Milei fulfilled the first part of his promise: everything got worse. Days after taking office, the dollar suffered a devaluation of 118% overnight, the largest in Argentina’s recent history. Inflation rose by 50%. It was a very strong first shock that generated a redistribution of wealth: it benefited the sectors that earn in dollars and pushed many people into poverty. As the BBC explains, in 2024, Argentina was the country with the largest economic decrease: 3.4%; poverty increased by 11 points (the largest jump in 20 years) and today, 7 out of 10 Argentine children are poor. Since then, Milei has supplanted the “invisible hand of the market” to regulate the price of the dollar, and this brought inflation down to an average of 2% per month, which is high for the world, but low for what they are used to in Argentina.

In the first month of his term, Milei passed “Decree 70” (DNU 20/2024 “Bases for the reconstruction of the Argentine economy”) and with it, he repeals or modifies more than 300 regulations, including the Rent Law and the Land Law, deregulates markets for goods and services, cuts labor rights, and allows the privatization of state-owned companies. These meassures do not pass through Congress; Milei governs by decree in a supposed situation of “necessity and urgency,” just as happened with the state of exception in El Salvador, also without passing through the Senate. And, despite Argentina being the country that owes the most to the IMF, he took out an extraordinary loan for 20 billion dollars.

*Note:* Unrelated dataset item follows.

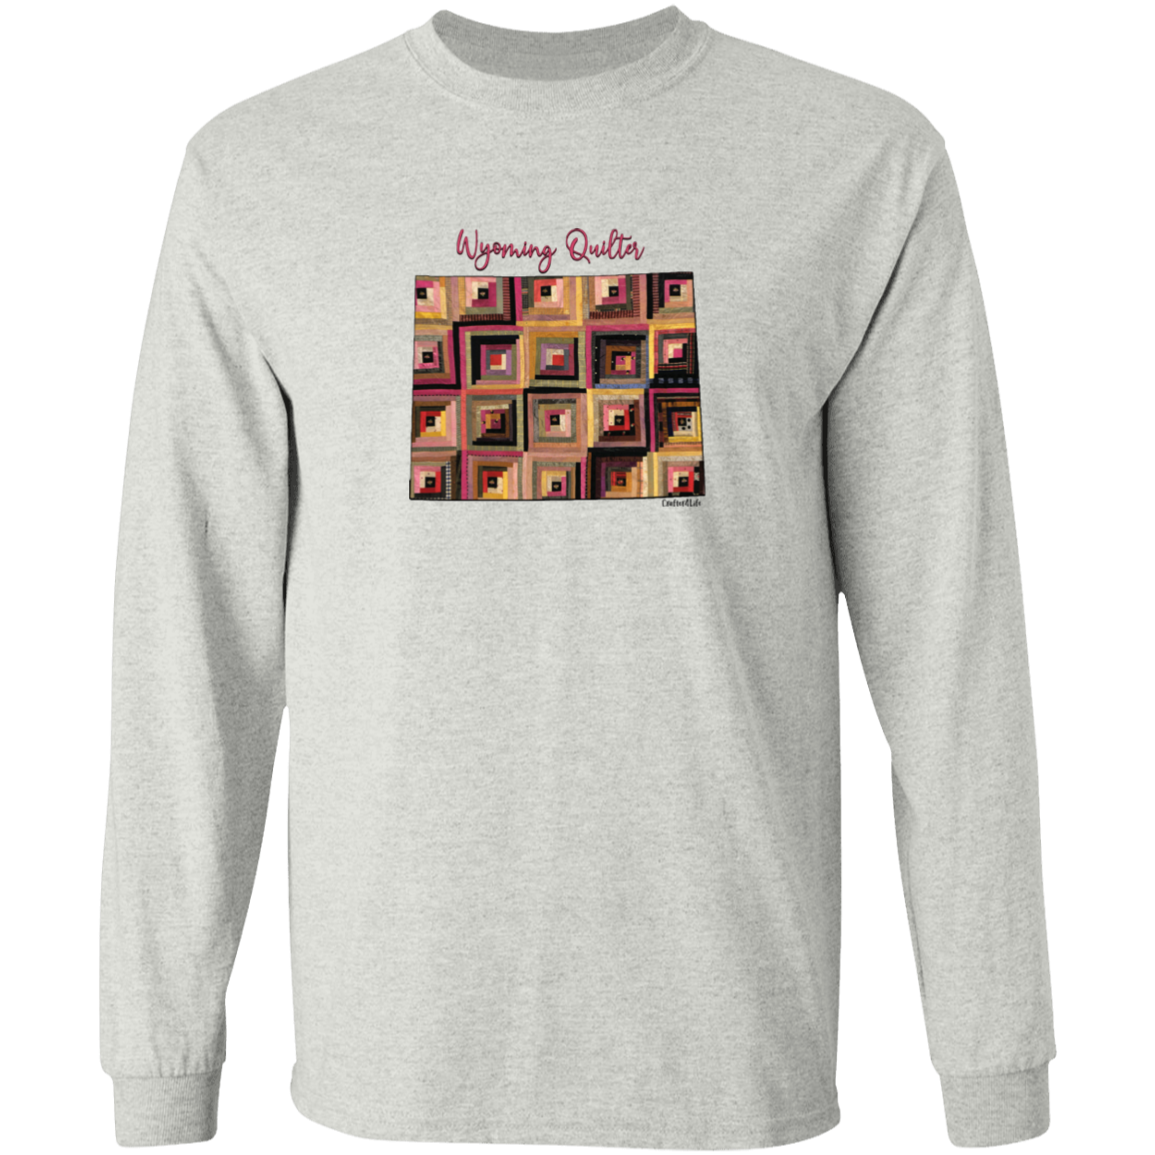 Wyoming Quilter Long Sleeve T-Shirt, Gift for Quilting Friends and Family

Argentinian economist Candelaria Botto, director of the organization Ecofeminita, explains that Argentina has a systematic lack of dollars because the sectors that generatethem, such as agribusiness, energy, and mining, are concentrated in a few hands; the industry has lower productivity and difficulties in exporting, and the domestic market is small. Argentina, Botto explains, is the country whose population accumulates the most dollars outside the country, around the world, because the privileged classes do not take the risk of keeping them in local accounts, so the Central Bank not only does not have dollars but has a negative deficit.

Then, in February 2024, a project known as the “Omnibus Law” arrived, which, in 380 articles, proposes to “deregulate a wide variety of economic sectors, such as labor, commercial, real estate, aeronautical, healthcare, and even soccer clubs.” The law also criminalizes protest, increasing the prison sentence to up to five years for those who “direct, organize, or coordinate a meeting or demonstration that impedes, obstructs, or hinders public or private circulation or transportation.” In the original version, the Omnibus Law intended to “declare ‘subject to privatization’ all companies in the public sector, including mixed ones or those with majority state participation. This affected 36 companies, including the state-owned oil company Yacimientos Petrolíferos Fiscales (YPF). The final text reduced the number of companies subject to privatization to 27. Among them are Aerolíneas Argentinas, Correo Argentino, the railways, the official news agency Télam, Fabricaciones Militares, and the water company AySA.” The privatization of Aerolíneas Argentinas was finalized later with Decree 873.

All these changes can be summed up in an image that went around the world: the chainsaw, a metaphor for communicating that Milei plans to cut the state into little pieces. In September 2023, while he was still a candidate, Milei first brandished a chainsaw at a small political rally in La Plata. The chainsaw became the symbol of the public spending cuts that were to come. Following the “Chainsaw Plan,” Milei closed 13 ministries; laid off some 30,000 public employees, equivalent to nearly 10% of the national workforce; halted public works; and cut money for education, healthcare, science, and pensions. The budget cuts have been especially severe in infrastructure (-74%), education (-52%), labor (-65%), social development (-60%), healthcare (-28%), and assistance to the provinces (-68%).” Of course, the austerity was not generalized, as in that same period “funds for the State Intelligence Secretariat (SIDE) grew by 216% year-on-year since January and almost 350 million dollars have been invested in the purchase of fighter jets.”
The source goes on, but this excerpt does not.